Friday, July 27, 2018 – 14.20 miles
This morning I stopped at a pond to filter water and eat potatoes. It must have been a popular break spot, since ground squirrels immediately popped up to beg for food. You’re so cute with your shiny, garbage-fattened bodies and moist, emboldened, corrupted eyes, but I can’t…
When I went to draw more water, I left my backpack unattended, thinking that only a Grand Canyon-level rodent would chew through the fabric in broad daylight. One of the ground squirrels was directly beside it when I returned – maybe a close call.
At a certain junction, and I apologize in advance for not remembering which junction it was, the PCT went left while a different trail went right. I knew the other trail would cross the PCT again a short distance later, but having no reason not to, I of course chose the PCT. A rational but unfortunate decision. The PCT soon disintegrated into a nightmare of zero maintenance, so the other trail must be the favourite child for this short section, and hikers are intended to take it to the second junction.
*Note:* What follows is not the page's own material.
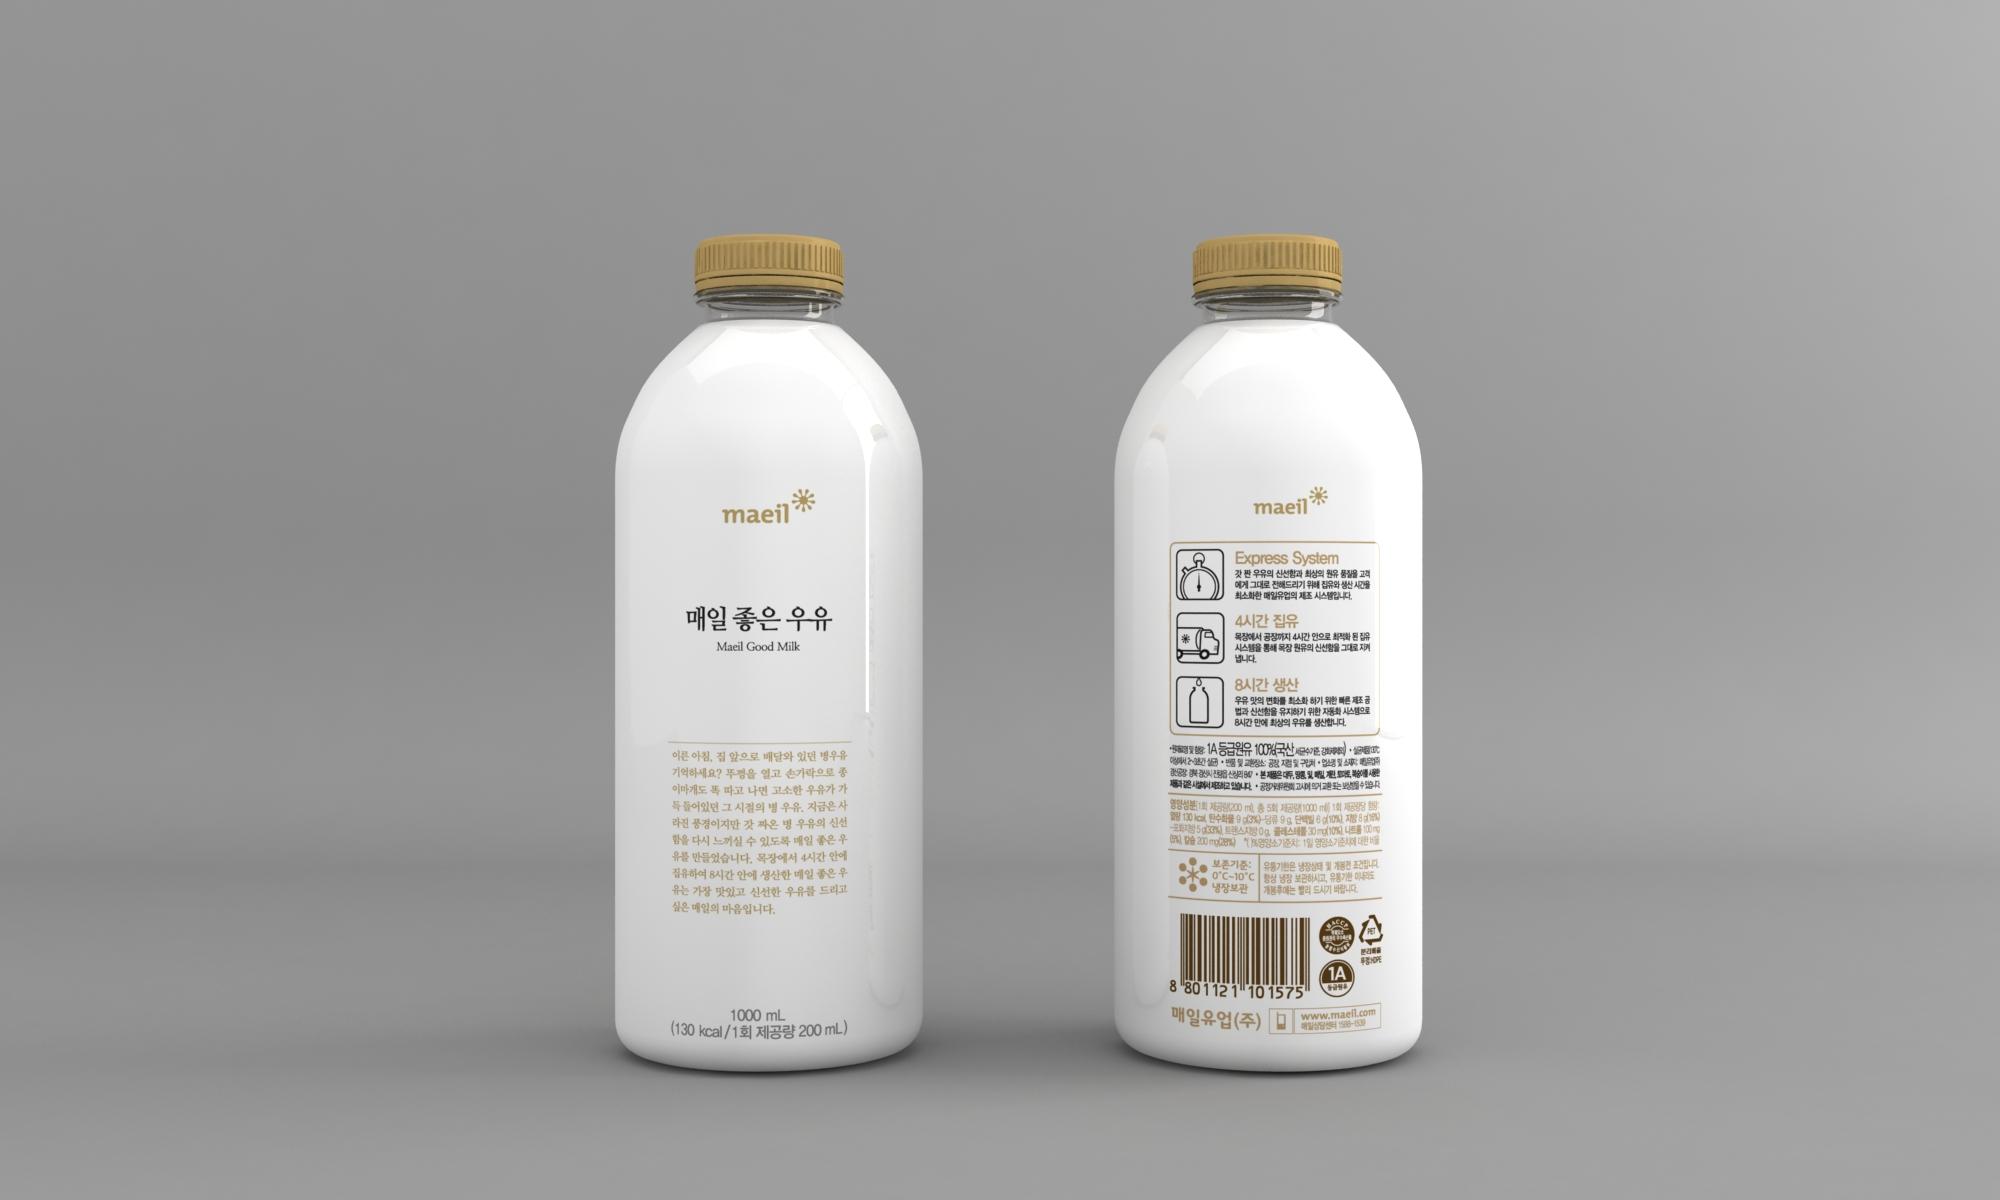 34-maeil-good-milk

Here’s a photo looking back at the second junction, with the PCT on the right and the lack of maintenance obvious.
So if you’re hiking in this area, you pass a junction and the path turns into a crazy mess, that’s where you are.
Rockpile Lake was my favourite lake in a long while. The mile listings in eTrails were mixed up in this section, so I thought that I had passed Shale Lake when I hadn’t come to it yet. A sign marking the entrance to Pamelia Lake Limited Entry Area confirmed the error. The limited entry area had nice views to various lakes, and Shale Lake was pretty, but it also contained a rogue horde of mosquitoes. Were its boundaries defined by the mosquitoes? Is it limited entry for the sake of protecting people from the mosquito population?
I’m camping just beyond the boundary in one of several established spots. The mosquitoes are fewer, but still around in numbers that I haven’t seen since the Three Sisters area.